As I hurtle past bread makers and slow cookers, breaking into a sweat, I panic that he’s given us the slip. That he’s
never
going to see me with Ben. Another wasted
opportunity!

A dozen imaginary scenarios burst into my mind . . . visions of what I could be doing if only Jamie could see us. Ben could be pecking me gently on the cheek beside the broccoli. Smooching at
the eggs. Kissing my hand as I choose a baguette.

Hang on a minute . . .

The second those thoughts hit my frontal cortex, another engulfs me. What if kissing isn’t enough? I mean, what’s a kiss? A kiss is nothing. A kiss is meaningless! Ben and I have
been kissing non-stop for the past few weeks and what I feel for him cannot be compared with what I feel for Jamie.

What the hell can I do if he spots us together? What can I do that’s going to make a real impression? With fire in my chest, I grab Ben by the hand and thrust the trolley forward, whizzing
past other shoppers and darting up aisles like I’m on
Top Gear
.

‘Sam . . . what’s the rush? You’ve just spent fifteen minutes totally immobile in the books section,’ Ben points out, bewildered.

‘I’m really hungry all of a sudden,’ I reply cheerily, heading back to the toiletries to make a last check. But, as I whisk my trolley round the corner, my plan goes awry.
Significantly.

I can’t work out whether it’s the sound or the impact that registers first. As my trolley rams violently into Jamie’s gut, we come to a catastrophic halt, our food is involved
in a multi-item pile-up, and my ex-boyfriend emits the sort of noise that a vomiting shire horse would make.

‘Jamie!’ I gasp. ‘Are you all right?’ I fling the trolley away – sending it flying across the aisle – and dive towards him. ‘I’m so sorry,’
I say, putting my arm around his back.

He straightens up. ‘It’s fine. I’m fine. I’m . . . I’m . . . Who’s this?’

He looks Ben up and down.
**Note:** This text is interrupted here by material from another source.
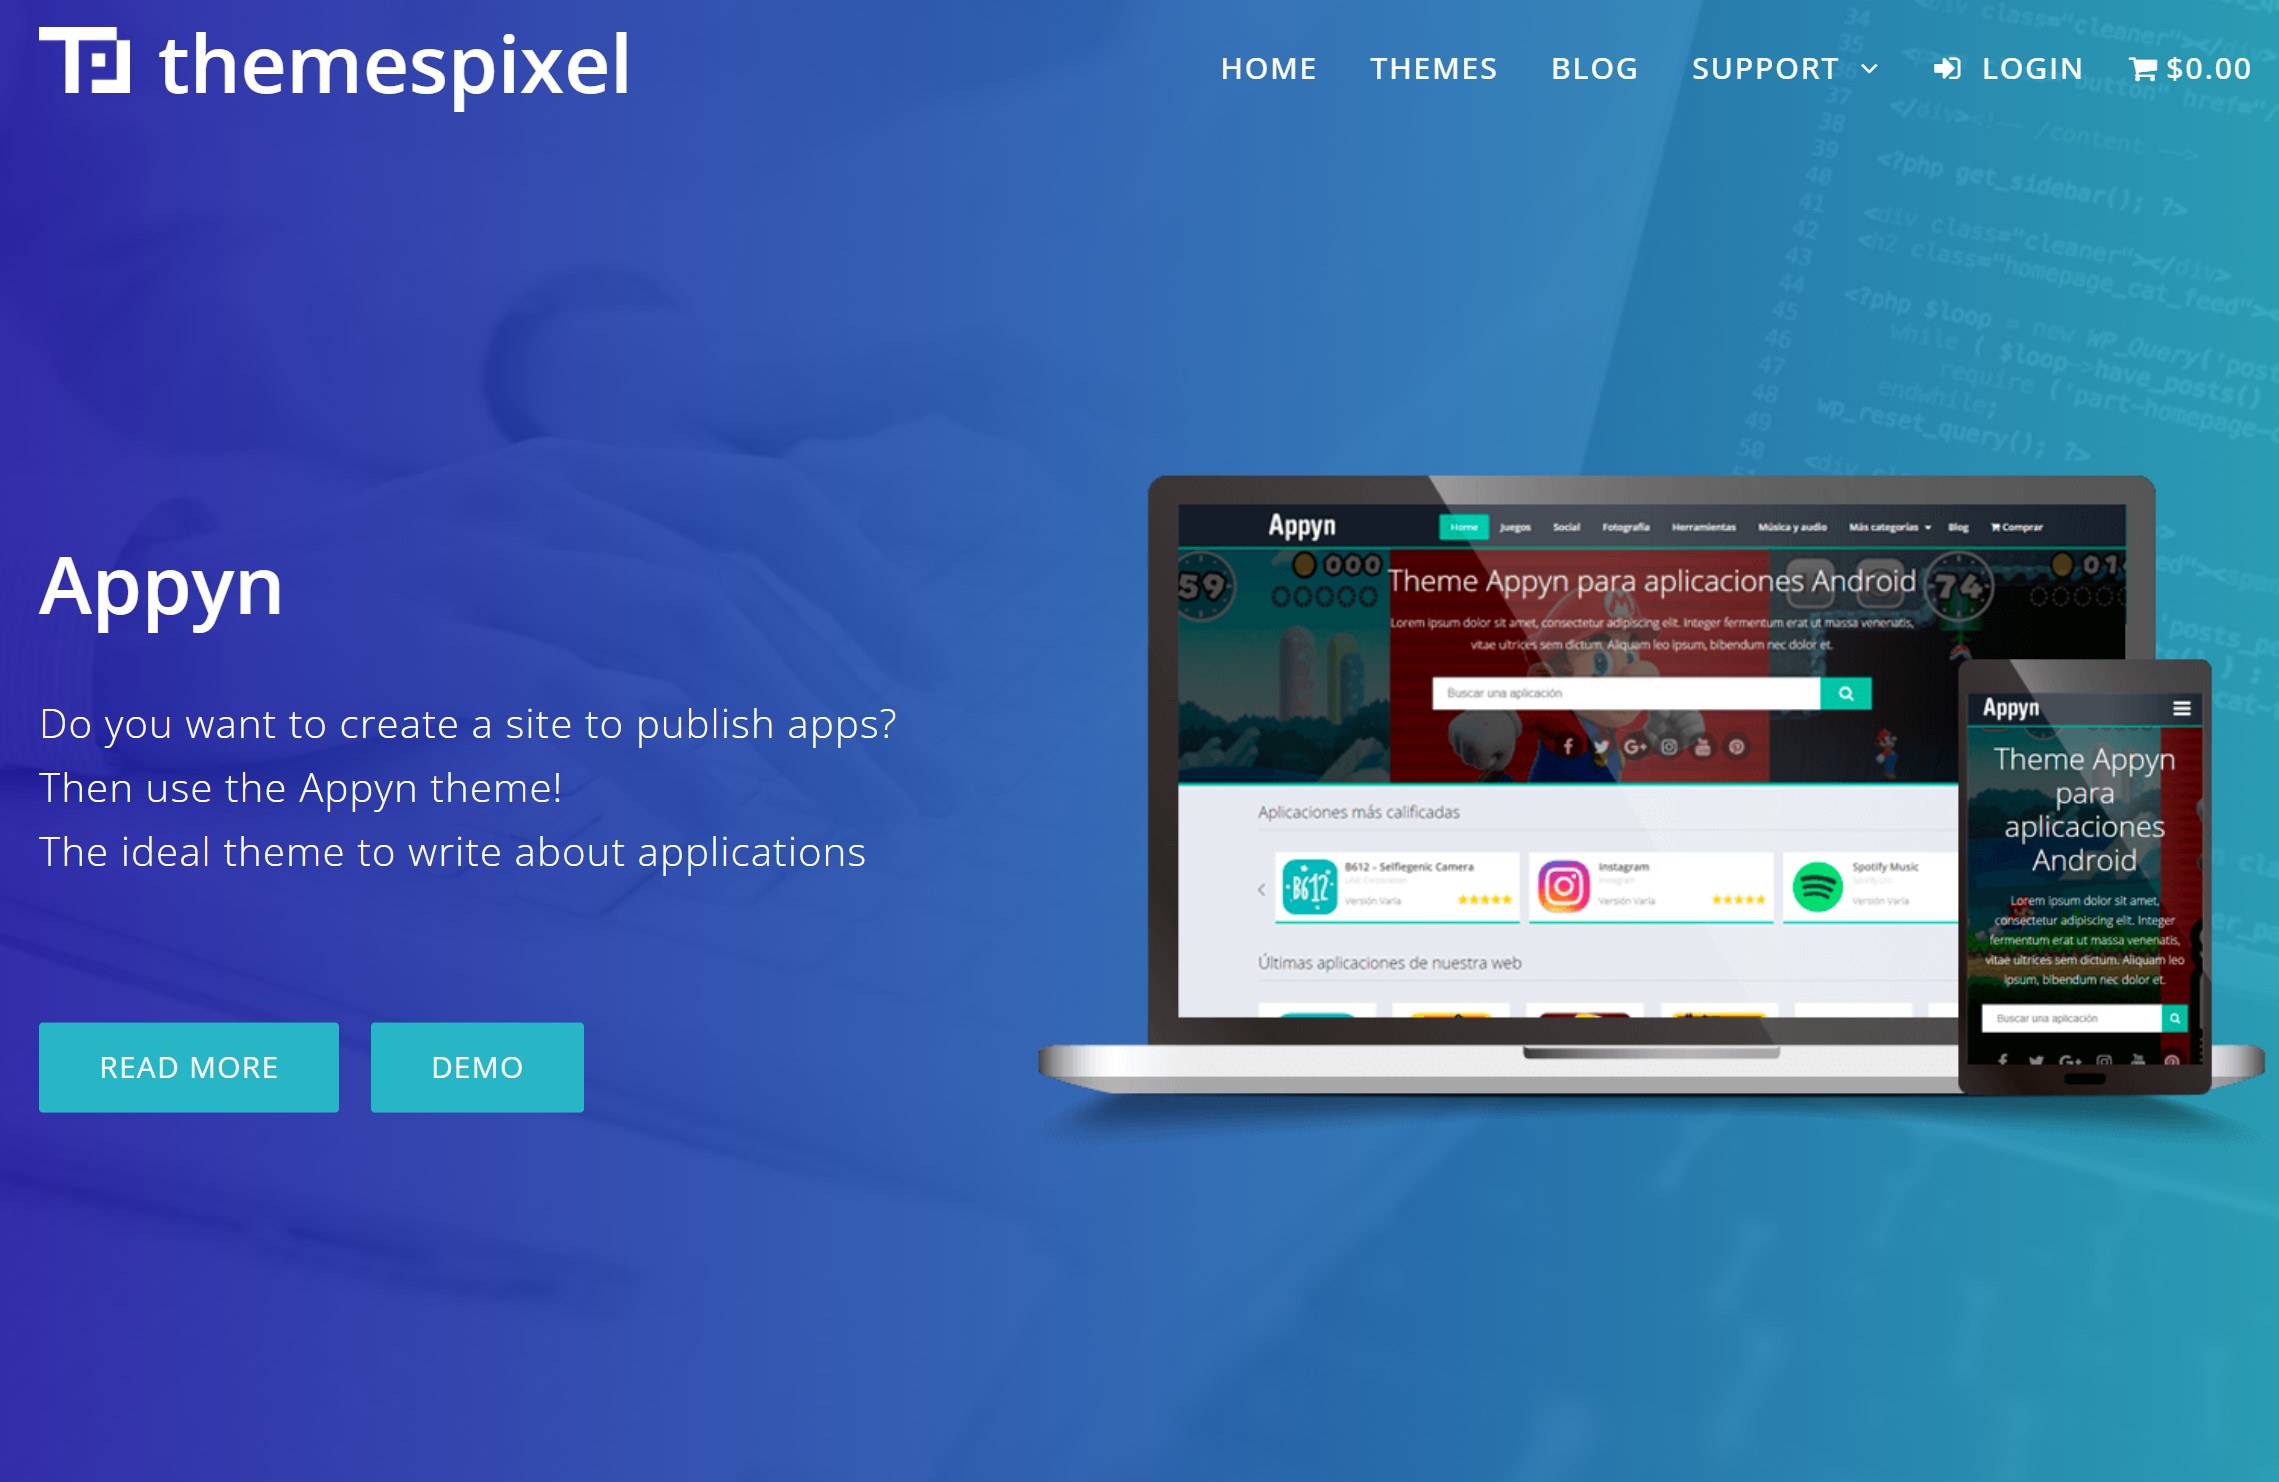 Appyn – Themespixel WordPress Theme 2.0.12
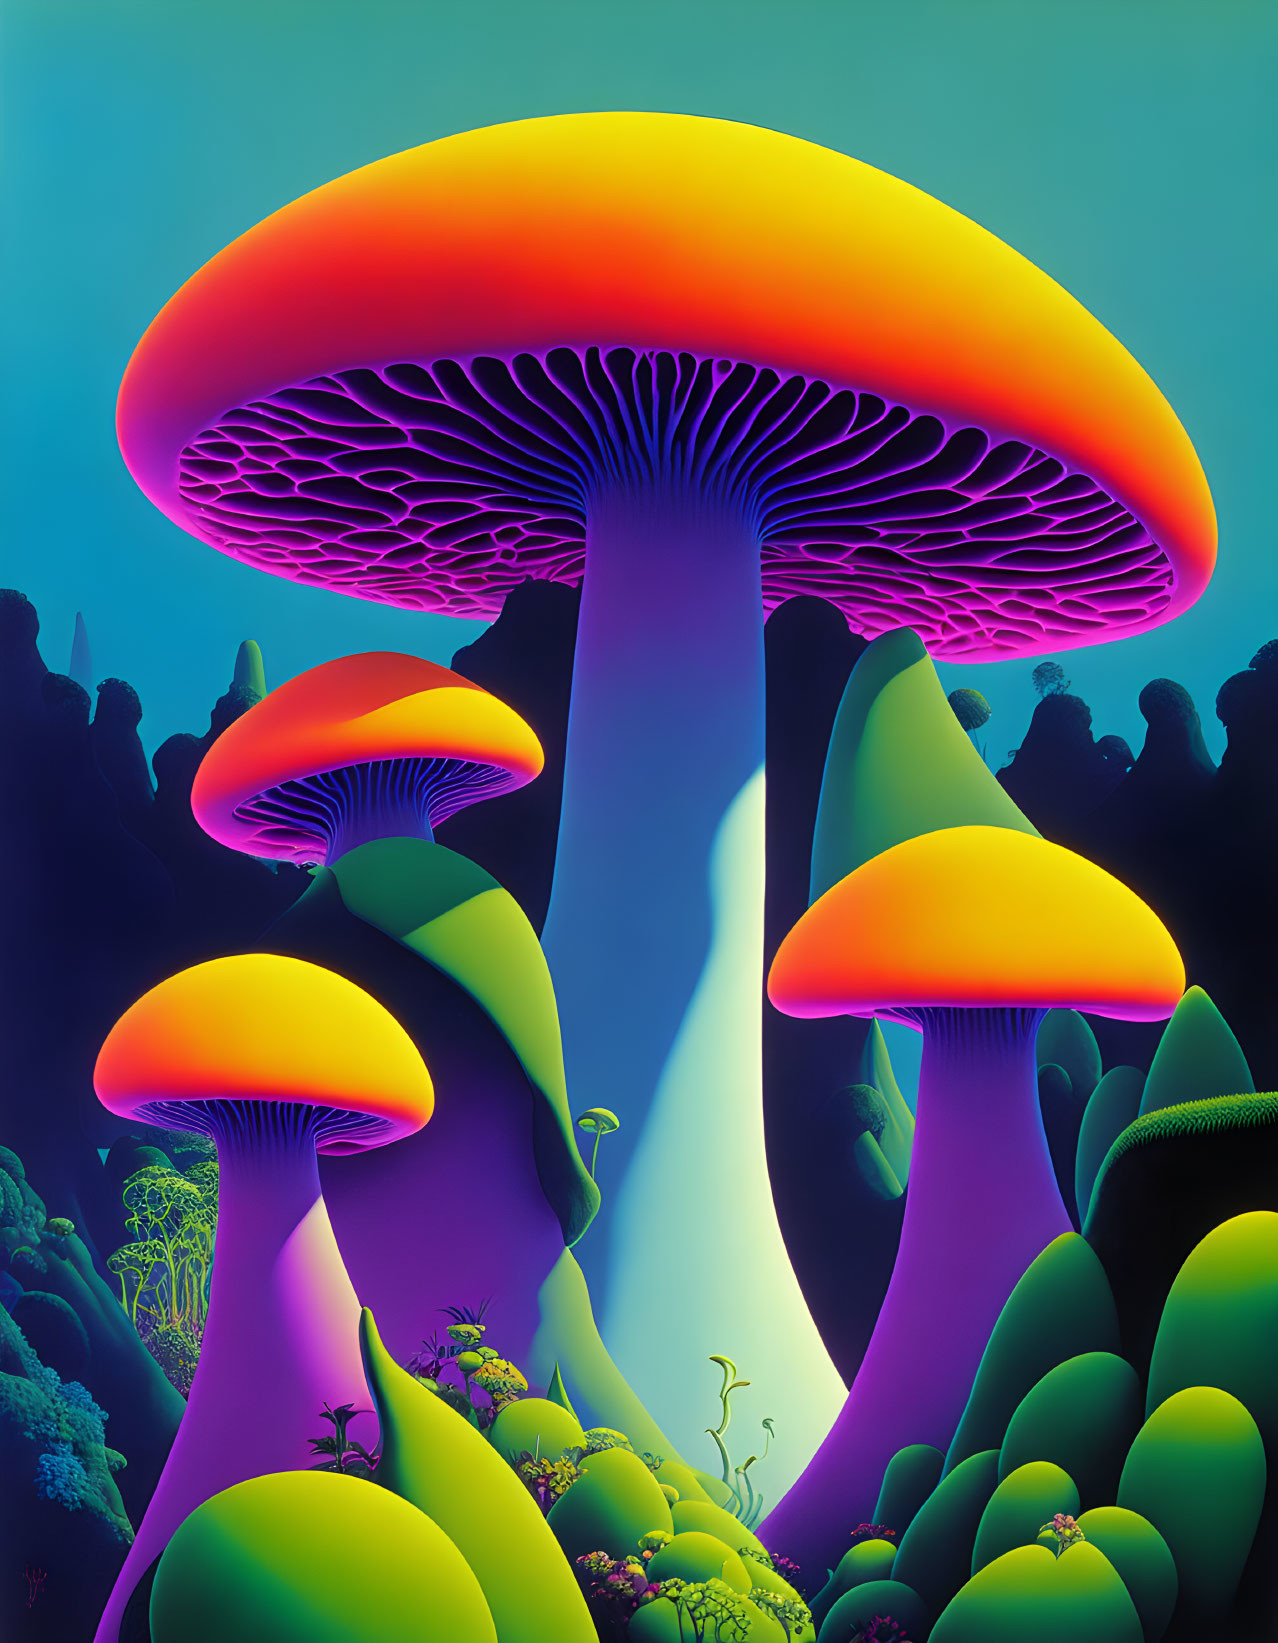 King mushroom

Ben smiles, unfazed.

‘I’m Ben. Pleased to meet you,’ he replies, holding out his hand for Jamie to shake.

Jamie stares at it for an uncomfortable second, clearly considering not taking up his offer. Eventually, he relents and grabs Ben’s fingers, shaking them with a conspicuous lack of
enthusiasm before he turns to me.

‘How’re things?’ he asks flatly.

‘Fine. I . . .’ Then I look back at Ben and remember my concern only a few seconds ago. Not only am I not even kissing – the act I was worried wouldn’t make enough
impression – I’m huddled next to my
ex
-boyfriend instead of my current one. I untangle myself from Jamie and edge back to Ben.

‘I’m . . . fine,’ I smile and, locking my eyes with Jamie, I defiantly lift up my arm and place it around Ben’s shoulder.

But I’d forgotten how tall he is and I am immediately aware of how stiff and odd it looks – like a young child attempting to befriend a big kid in the playground. Not that that
matters. All that matters is Jamie’s reaction. And Jamie’s reaction is . . . utterly underwhelming.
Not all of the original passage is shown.